THE RETURN OF DRACULA-1958-This low budget vampire tale has a lot of atmosphere but is kind of ruined by Francis Lederer’s sub par performance as the legendary count. Dracula escapes his homeland and takes the place of Bellac, an Eastern European artist on his way to live with his American cousins in California. The daughter Rachel (Norma Eberhardt) comes under his spell but no one seems to think that his strange ways are unusual. He keeps his coffin in a cave on the outskirts of town (actually the famous Bronson Canyon) and when he first is shown rising there’s a lot of smoke and it’s in slow motion!

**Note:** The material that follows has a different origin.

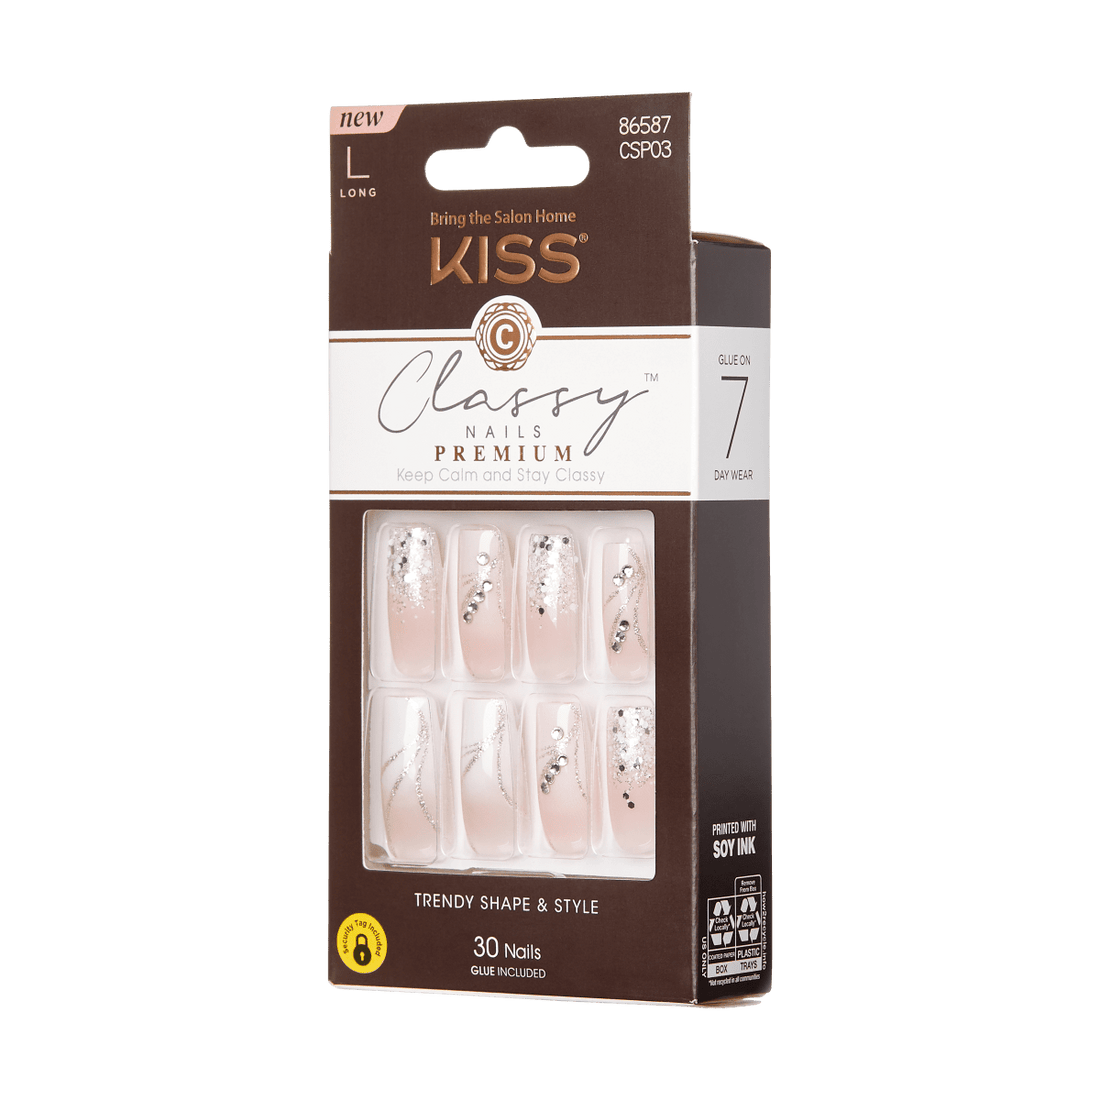 KISS Classy Nails Premium, Press-On Nails, Stunning!, Pink, Long Square, 30ct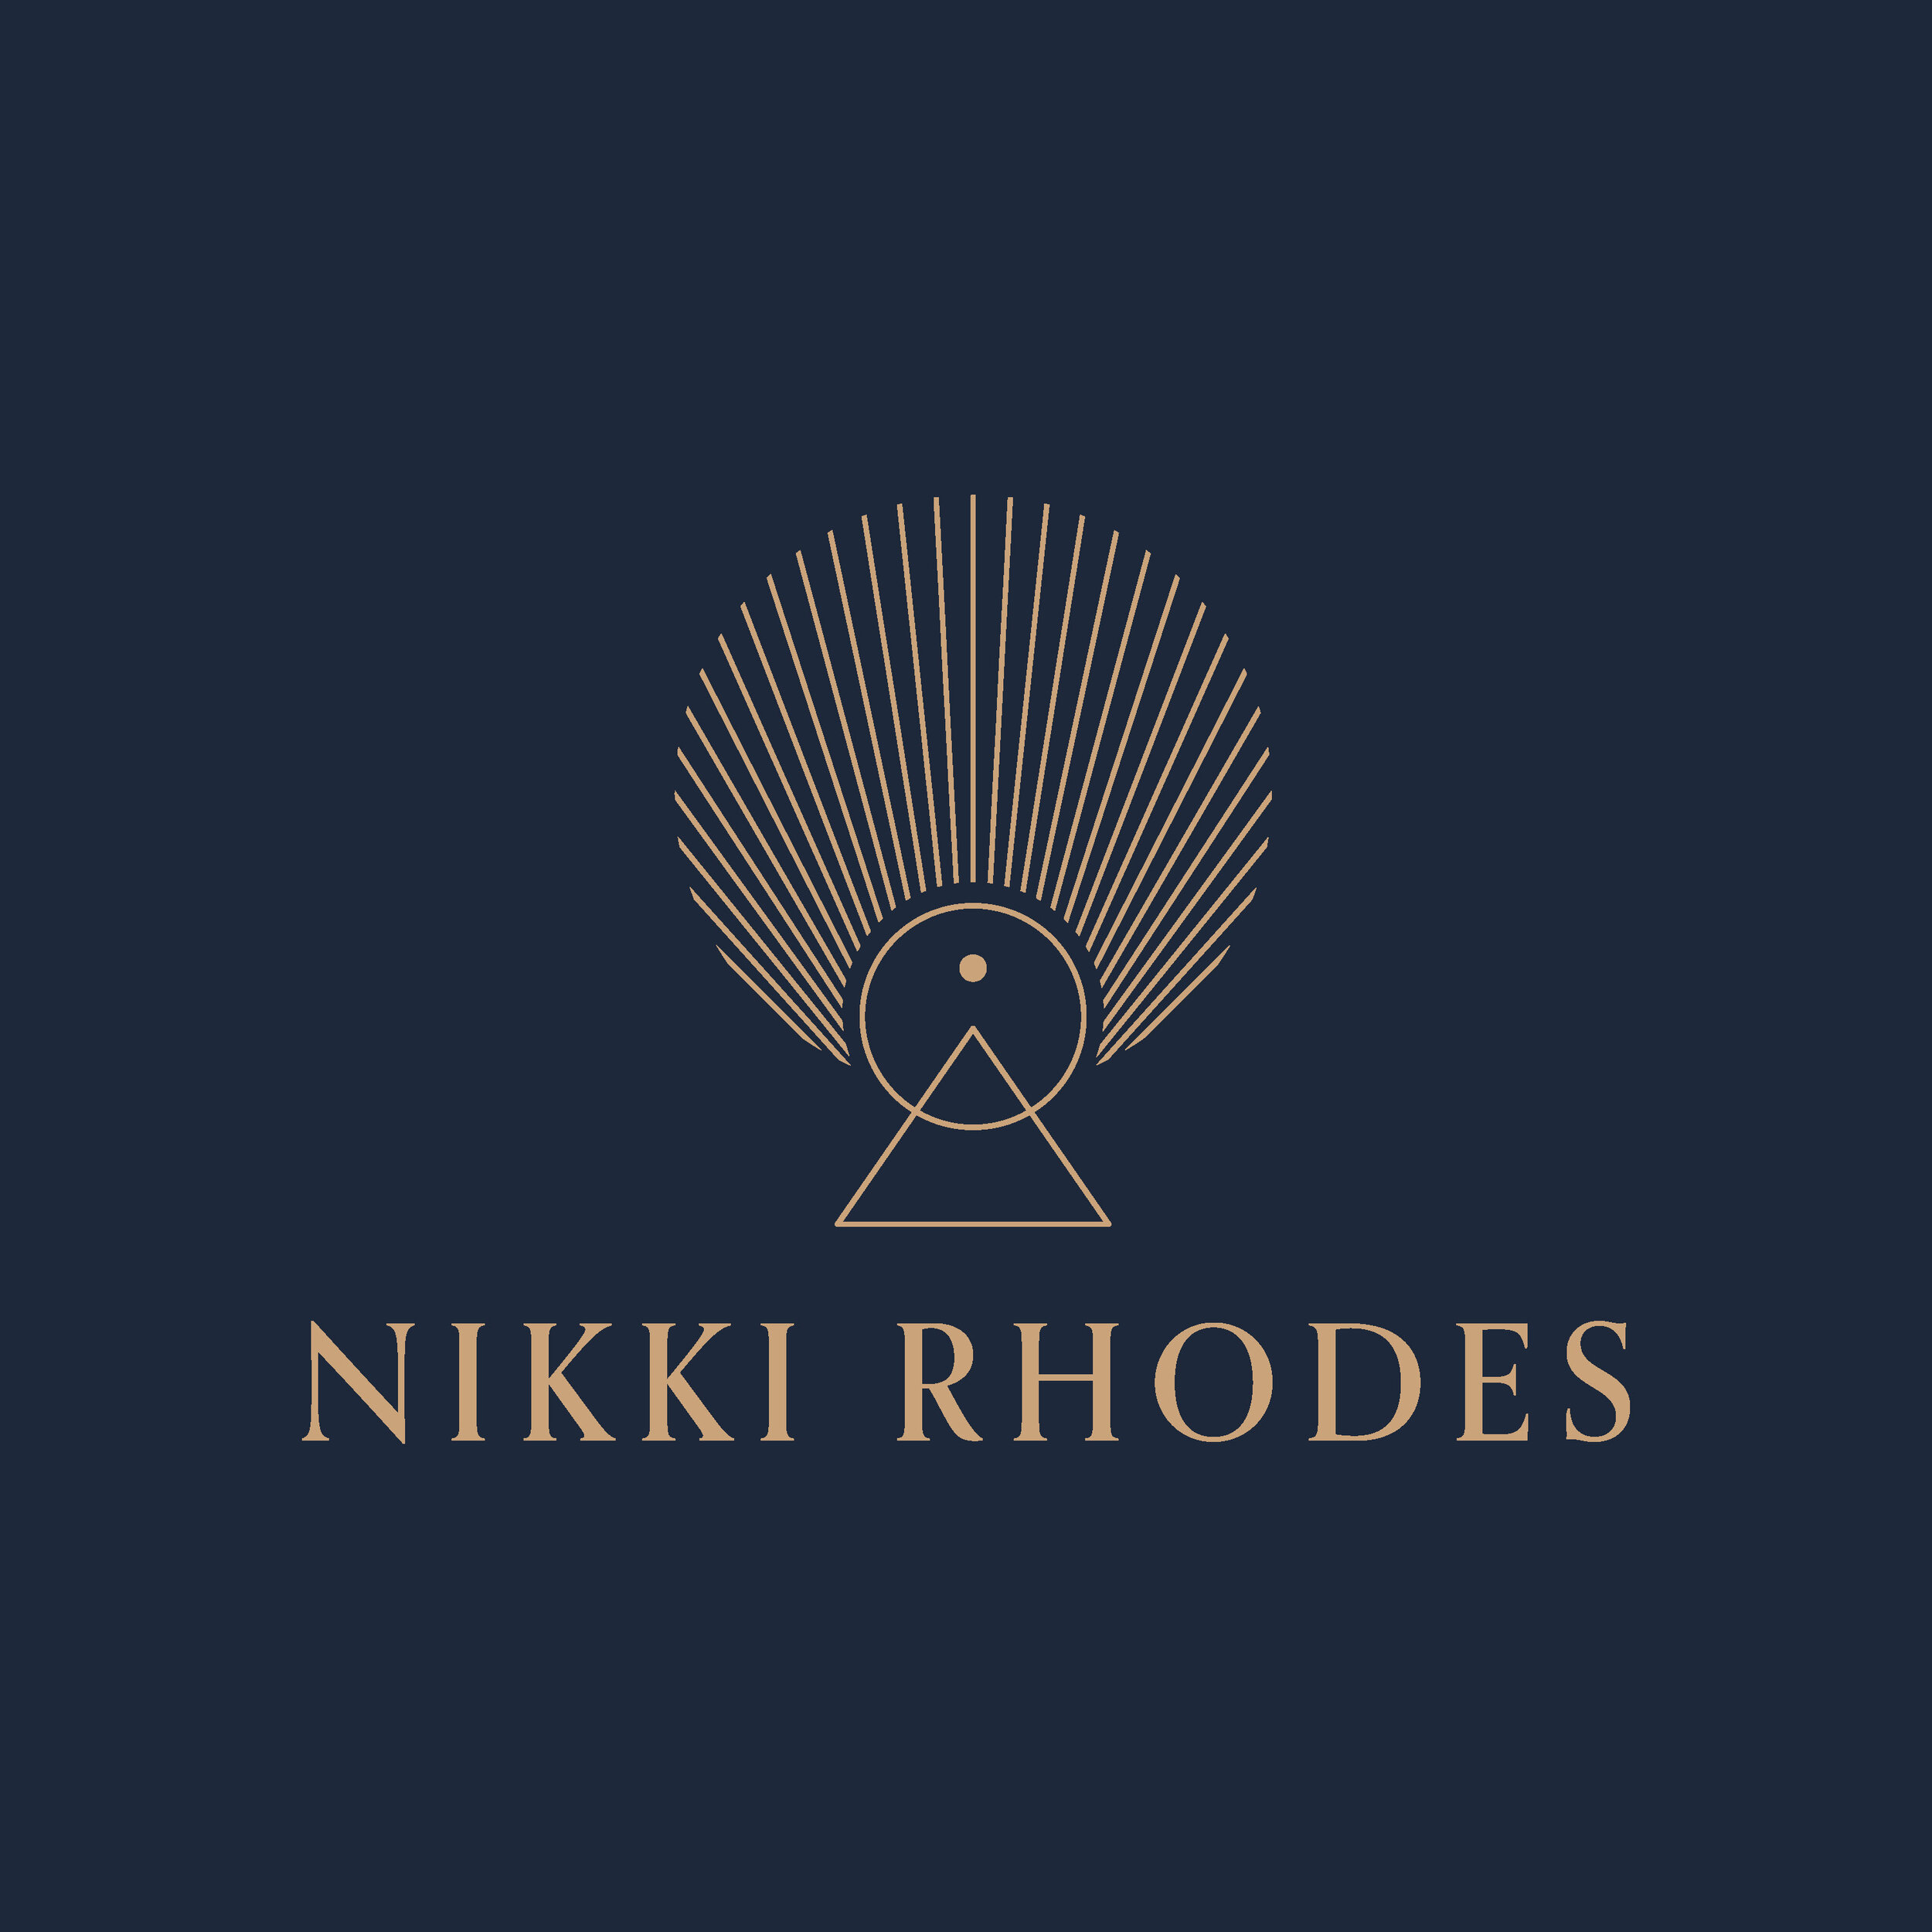 NikkiRhodes_Logo design_LuminovaDesign.jpg

Drac’s first victim is a sick blind girl who later becomes un-dead. When she has a stake driven in her a fast scene of blood spurting out of her body is in color! Drac even turns himself into a big dog to kill an investigator. Fortunately her boyfriend (Ray Stricklyn) suspects trouble. There’s a weird Halloween party before the climax where The Count is bloodily impaled in a mine shaft.
RETURN isn’t a bad movie at all but Lederer doesn’t make a good Dracula. He’s too beady eyed. He seems to be trying to capture a Lugosi type essence but fails and sometimes sounds like he’s doing a Peter Lorre imitation.
Director Paul Landres worked mostly in TV but his occasional film ventures included THE VAMPIRE (see above), THE FLAME BARRIER, GO! JOHNNY GO! and the made for TV anthology series that starred Boris Karloff, known collectively as THE VEIL.
Gerald Fried’s musical score helps a lot. Also with Gage Clarke Jimmy Baird and William Fawcett. Strangely there is a character named Dr. Paul Beecher; also the name of John Beal’s character in THE VAMPIRE!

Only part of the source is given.